Aufgeschlüsselt in einzelne Bereiche zeigt sich innerhalb der Industrie im Monatsvergleich ein vergleichsweise starker Dämpfer bei der Produktion von Investitionsgütern. Hier meldete das Bundesamt einen Rückgang um 3,1 Prozent. Die Produktion von Konsumgütern ist um 1,5 Prozent gesunken.
Ein weiterer Dämpfer wird aus der Baubranche gemeldet. Experte Ralph Solveen von der Commerzbank geht davon aus, dass die Bauwirtschaft im Februar unter der kalten Witterung gelitten habe.
Die überraschend schwachen Produktionsdaten fügen sich ein in zuletzt enttäuschende Stimmungsdaten aus der deutschen Wirtschaft. So hatte sich das Ifo-Geschäftsklima, das wichtigste deutsche Konjunkturbarometer, deutlich eingetrübt. Einen Dämpfer gab es zuletzt auch bei der Stimmung der Einkaufsmanager, die in der Regel einen guten Hinweis auf die weitere konjunkturelle Entwicklung liefert. Hinzu kommt, dass auch der Auftragseingang in den deutschen Industriebetrieben zuletzt schwächer als erwartet ausgefallen war.
"Für sich genommen spricht die Produktion in der Industrie nur für wenig mehr als Stagnation im ersten Quartal 2017", kommentierte Experte Stefan Kipar von der BayernLB. Er rechnet aber nach wie vor nicht mit einem Ende des Aufschwungs. Trotz der zuletzt enttäuschenden Daten zum Auftragseingang sagte Kipar: "Die Auftragsbücher der Unternehmen sind weiterhin prall gefüllt und die Kapazitäten ausgelastet."
Auch Commerzbank-Experte Solveen geht davon aus, dass die deutsche Wirtschaft in den kommenden Quartalen an Fahrt verlieren wird. Ein Ende des Aufschwungs ist aber auch für Solveen nicht in Sicht. Die weiter extrem lockere Geldpolitik der Europäischen Zentralbank (EZB ) werde die Konjunktur anschieben, sagte der Experte.

Euro gibt nach

Der Eurokurs ist am Freitag im Vormittagshandel nach den enttäuschenden Produktionsdaten aus Deutschland gefallen. Die europäische Gemeinschaftswährung wurde zuletzt bei 1,2225 US-Dollar gehandelt. Im frühen Handel war der Euro noch zeitweise bis auf 1,2260 Dollar gestiegen. Die Europäische Zentralbank (EZB) hatte den Referenzkurs am Donnerstagnachmittag auf 1,2260 Dollar festgesetzt.

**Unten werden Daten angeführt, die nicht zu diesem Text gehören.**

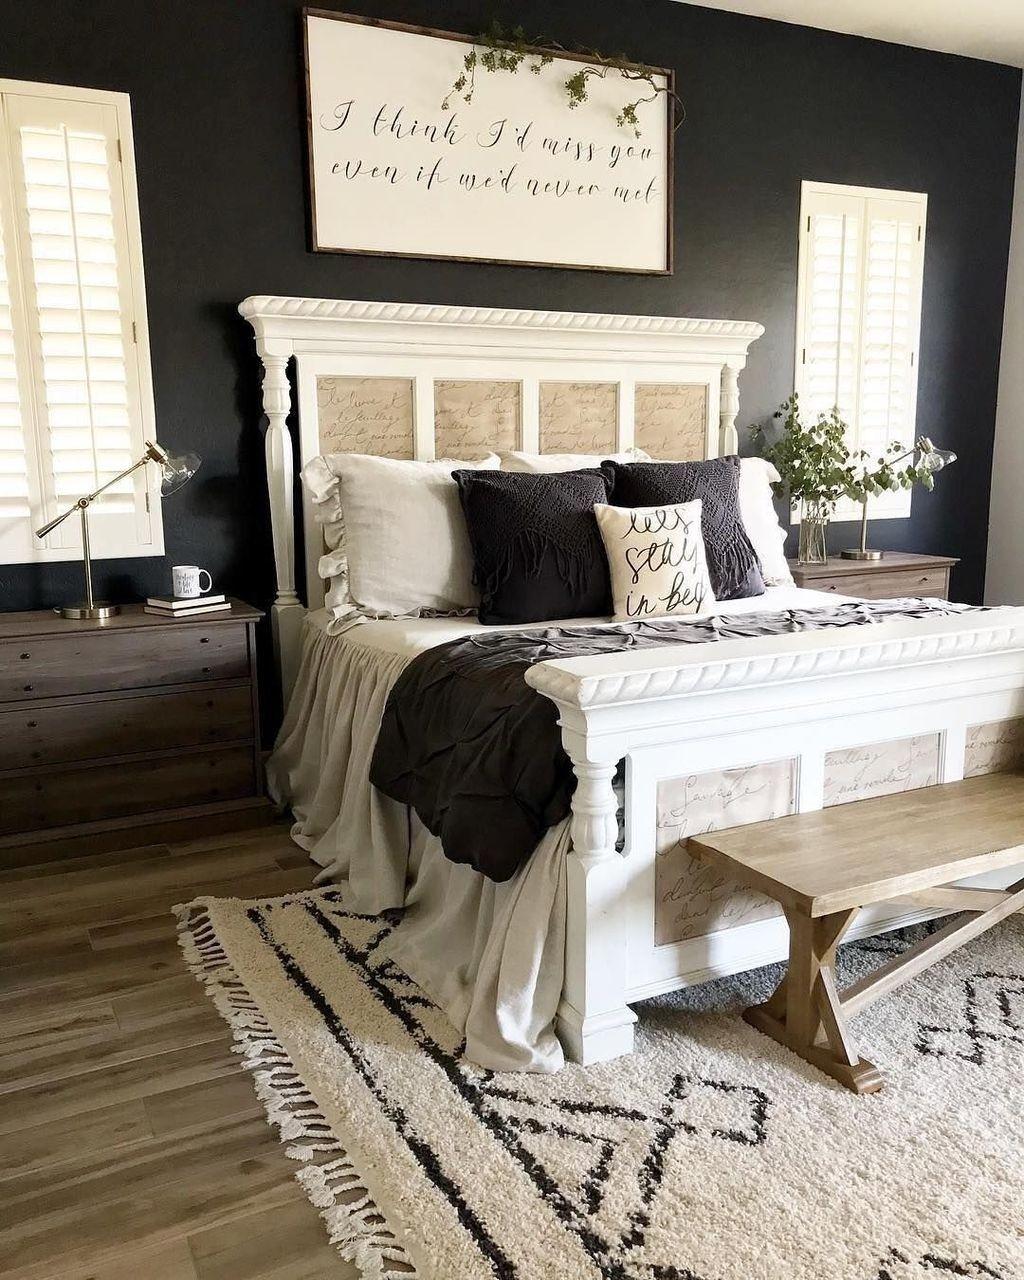 40 Awesome Emphasis Interior Design Ideas Emphasis Interiordesign Interiordesignideas Bedroom Color Schemes Master Bedroom Color Schemes Bedroom Decor

US-Arbeitslosenquote verharrt weiter auf tiefstem Stand seit 2000

In den USA profitiert die Wirtschaft weiter von einem robusten Arbeitsmarkt. Im März hat die Arbeitslosenquote unverändert bei 4,1 Prozent gelegen, wie das US-Arbeitsministerium am Freitag in Washington mitteilte. Niedriger war die Arbeitslosenquote zuletzt im Jahr 2000.
Experten hatten allerdings mit einem Rückgang der Quote auf 4,0 Prozent gerechnet. Bereits seit vergangenem Oktober verharrt die Arbeitslosenquote bei 4,1 Prozent.
Seit etwa acht Jahren geht die Arbeitslosigkeit in den USA tendenziell zurück. Im Jahr 2010 war sie noch deutlich höher gewesen. Die Arbeitslosenquote hatte damals nahe 10 Prozent gelegen.
 
Erstellt am 06.04.2018, um 9:15 Uhr. Zuletzt aktualisiert am 06.04.2018, um 14:45 Uhr.